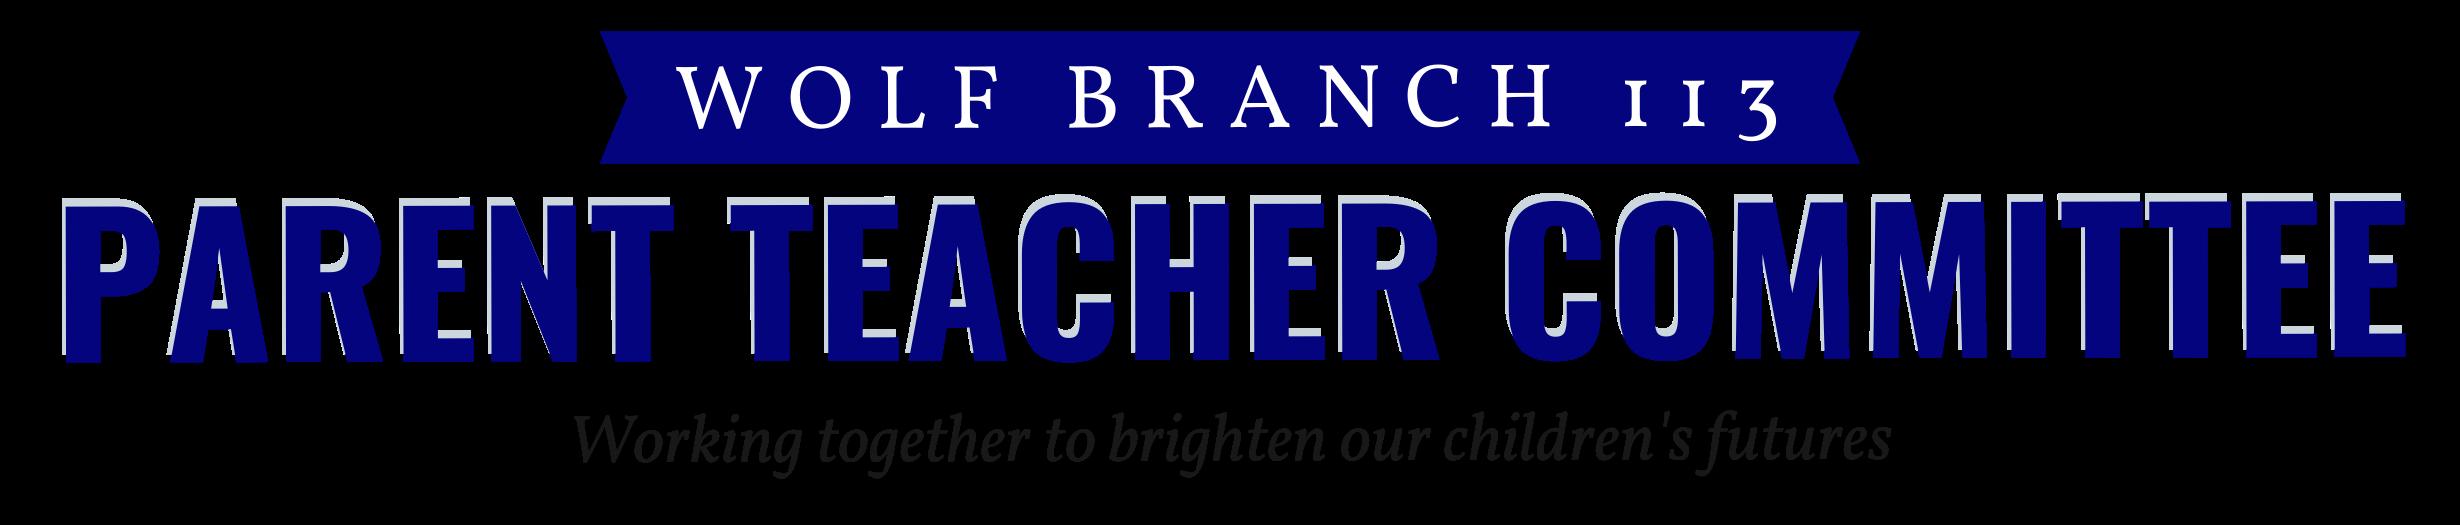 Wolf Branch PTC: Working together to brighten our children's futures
---
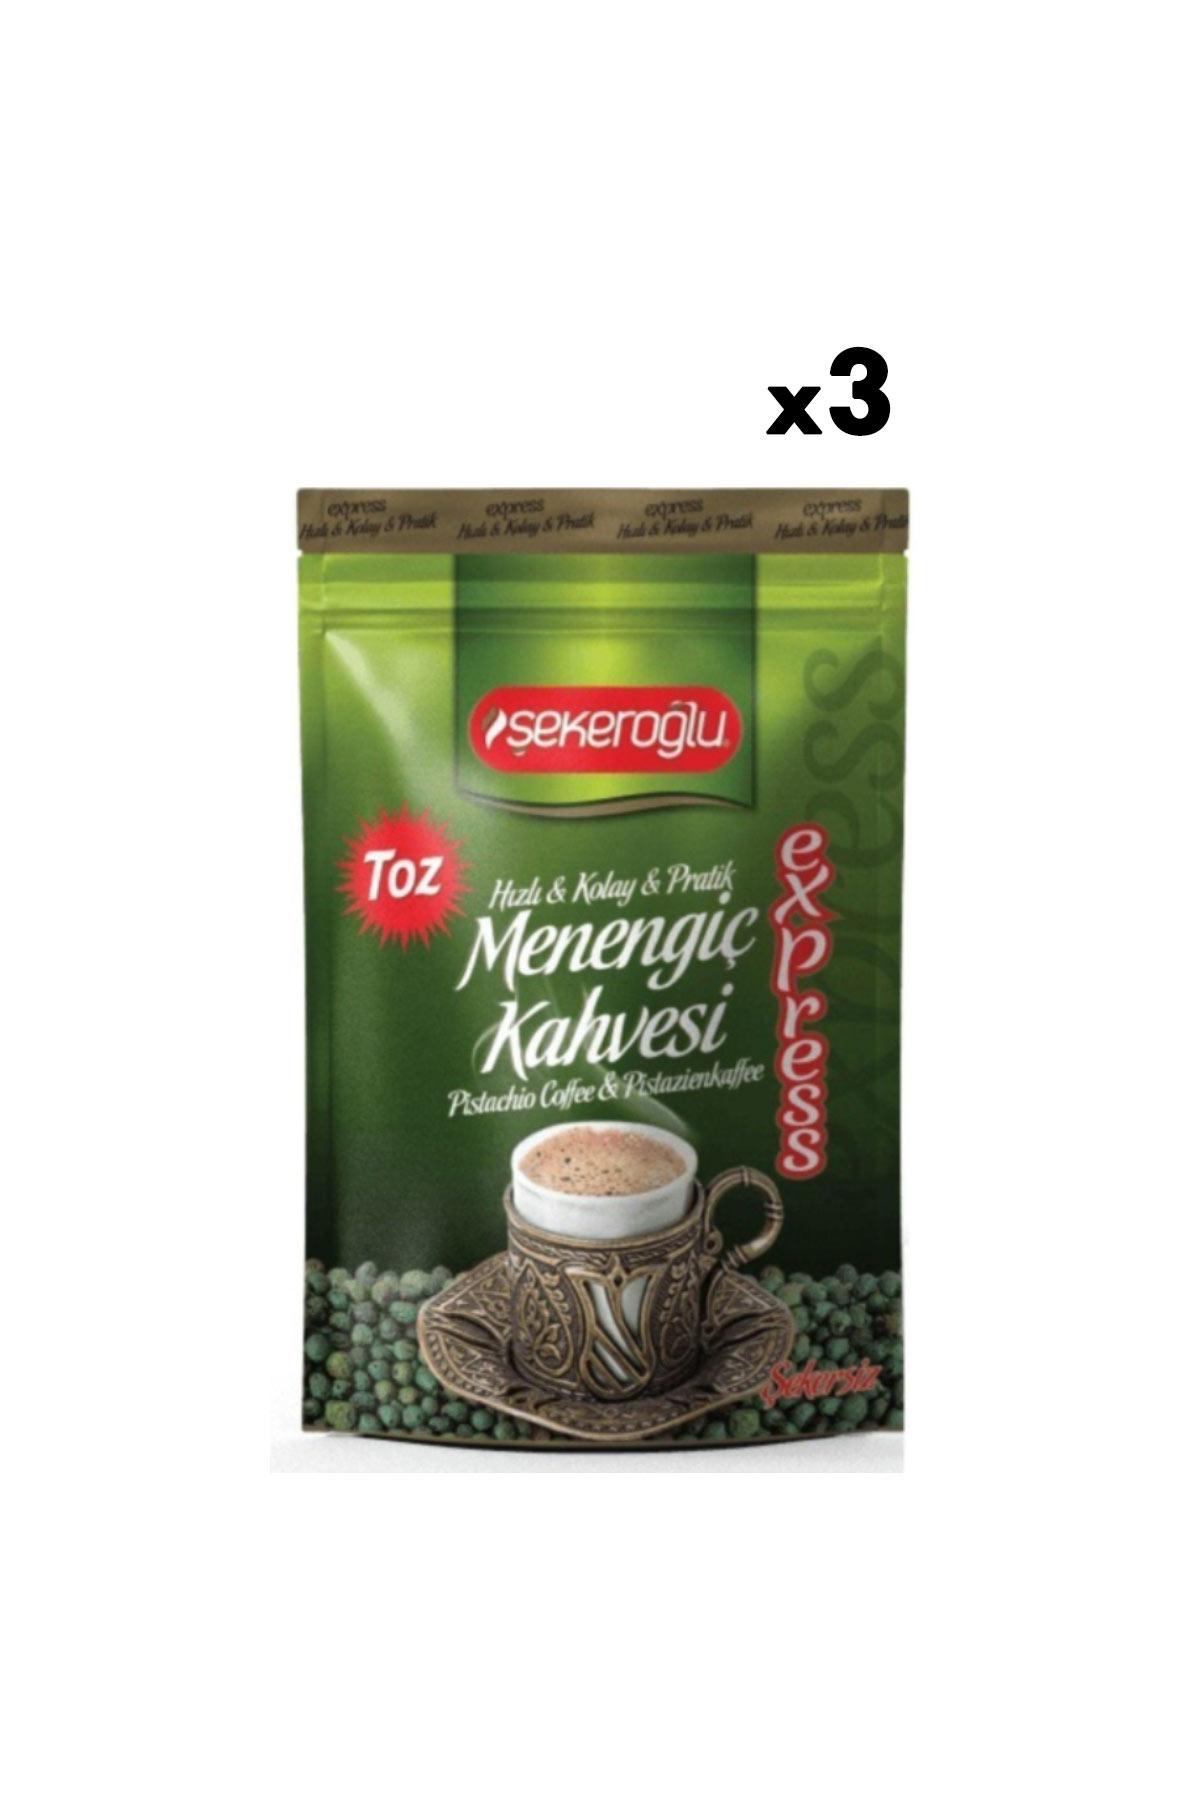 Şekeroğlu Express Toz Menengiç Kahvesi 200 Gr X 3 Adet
---
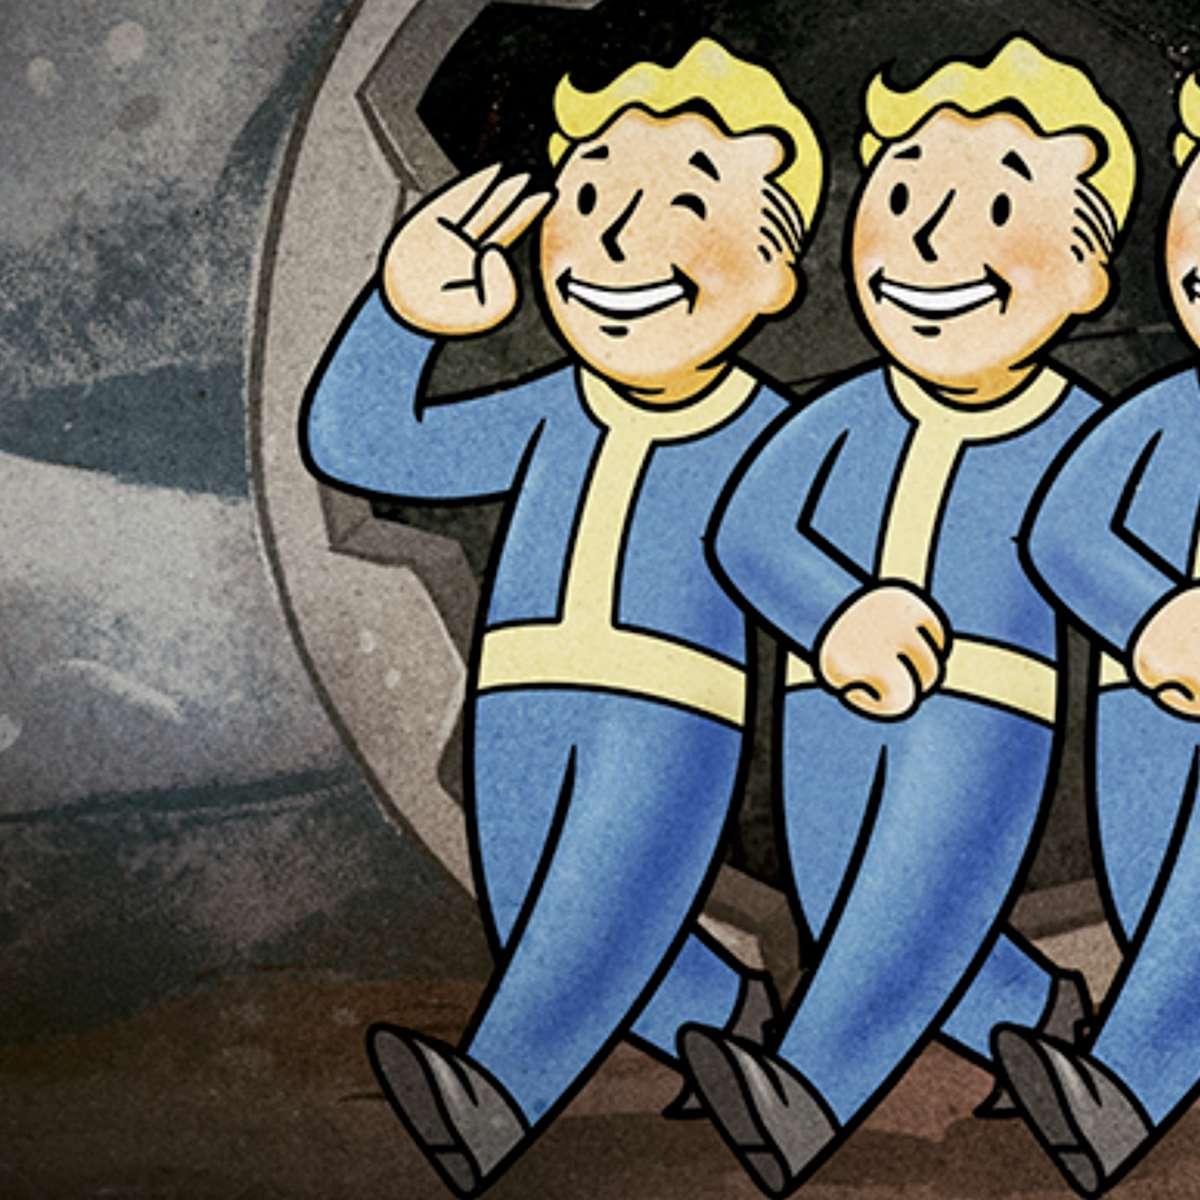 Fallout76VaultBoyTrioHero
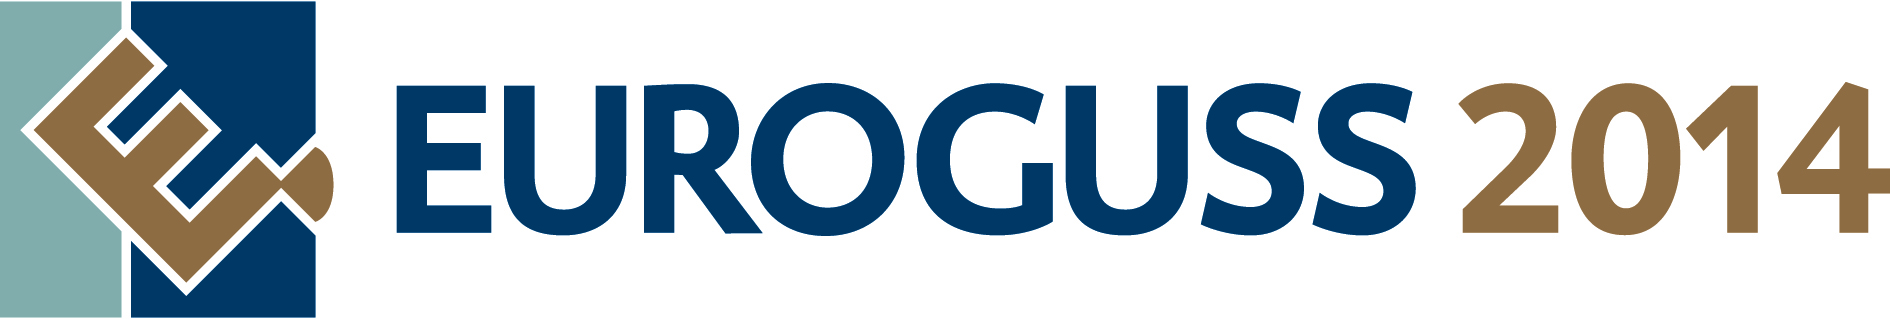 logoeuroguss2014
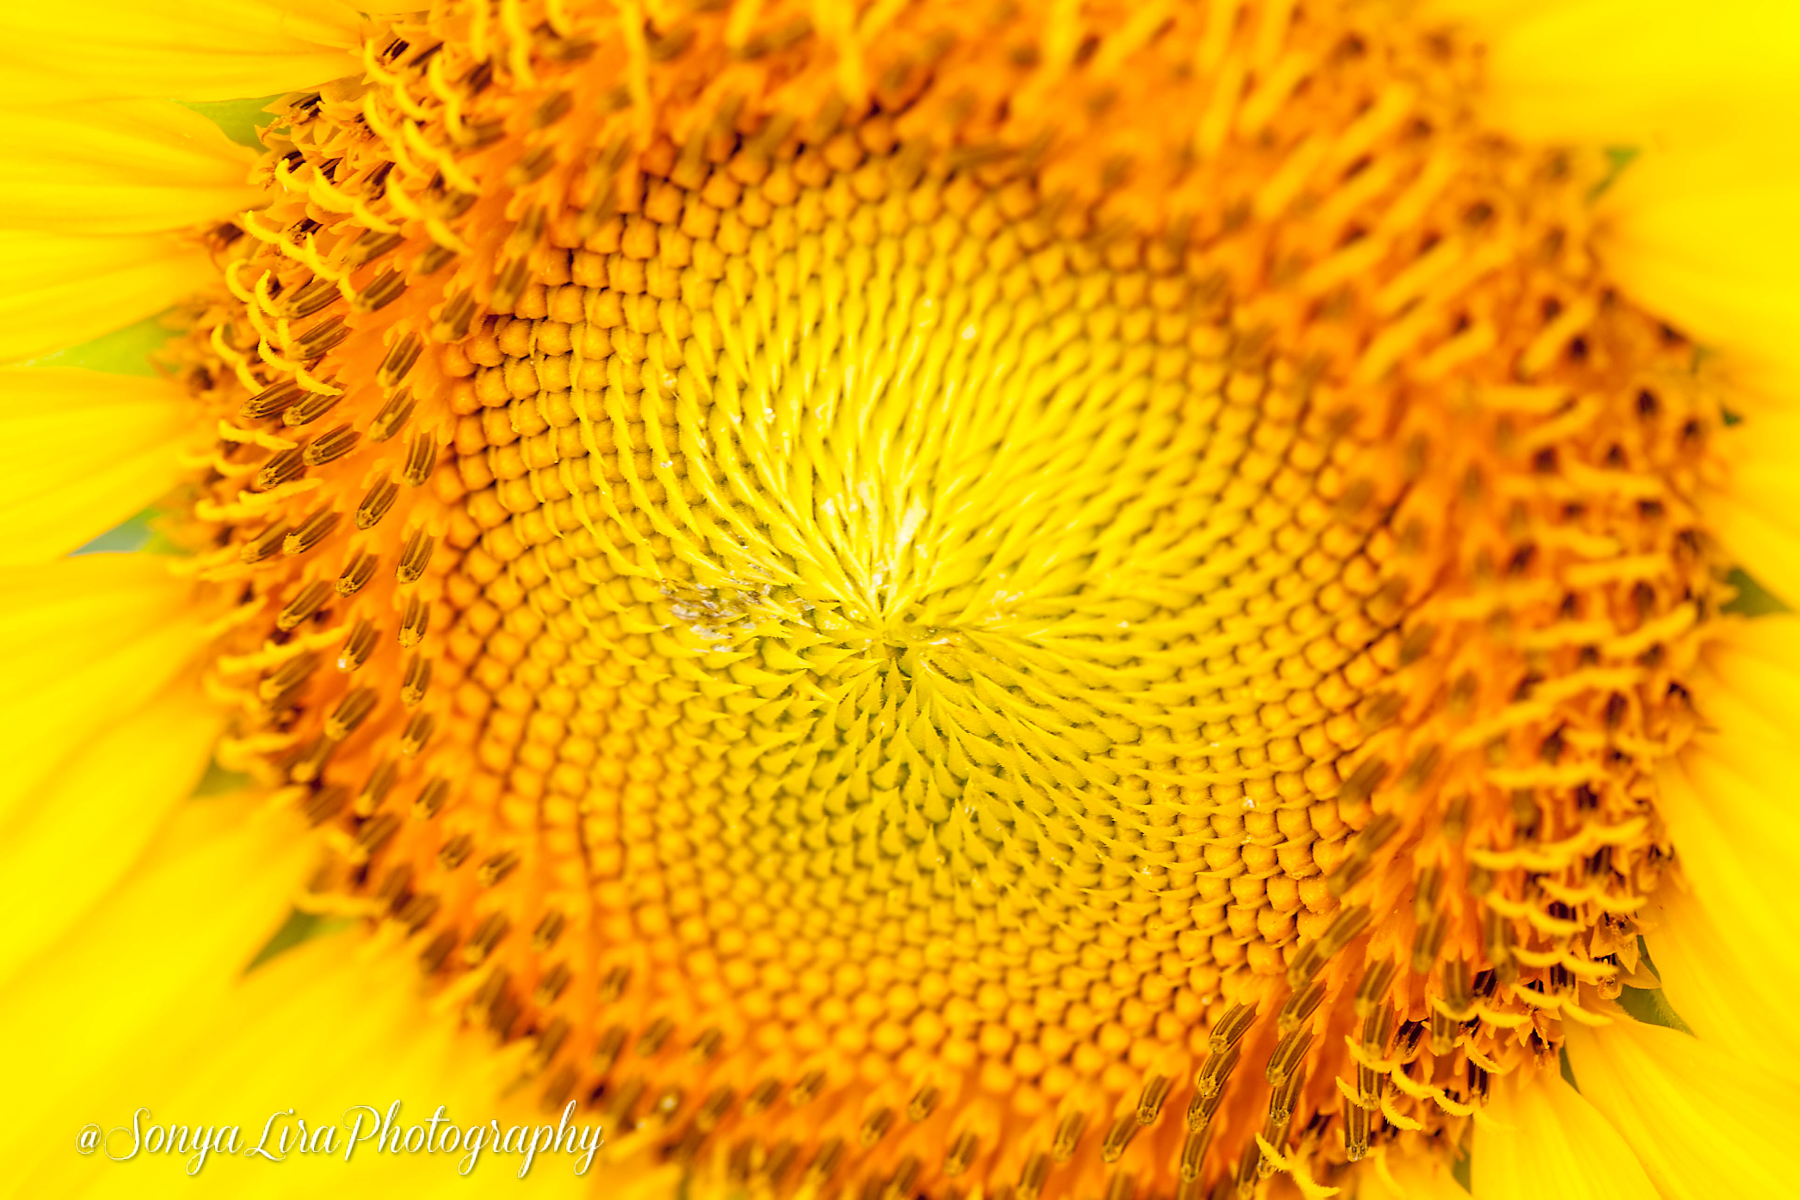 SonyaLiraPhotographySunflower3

• Exercise aim
Only one stretch of the entries above is needed: the lines from the one containing "Fallout76VaultBoyTrioHero" through the one containing "SonyaLiraPhotographySunflower3". Copy it exactly, without the pictures.

• Result for this task
 Fallout76VaultBoyTrioHero
 logoeuroguss2014
 SonyaLiraPhotographySunflower3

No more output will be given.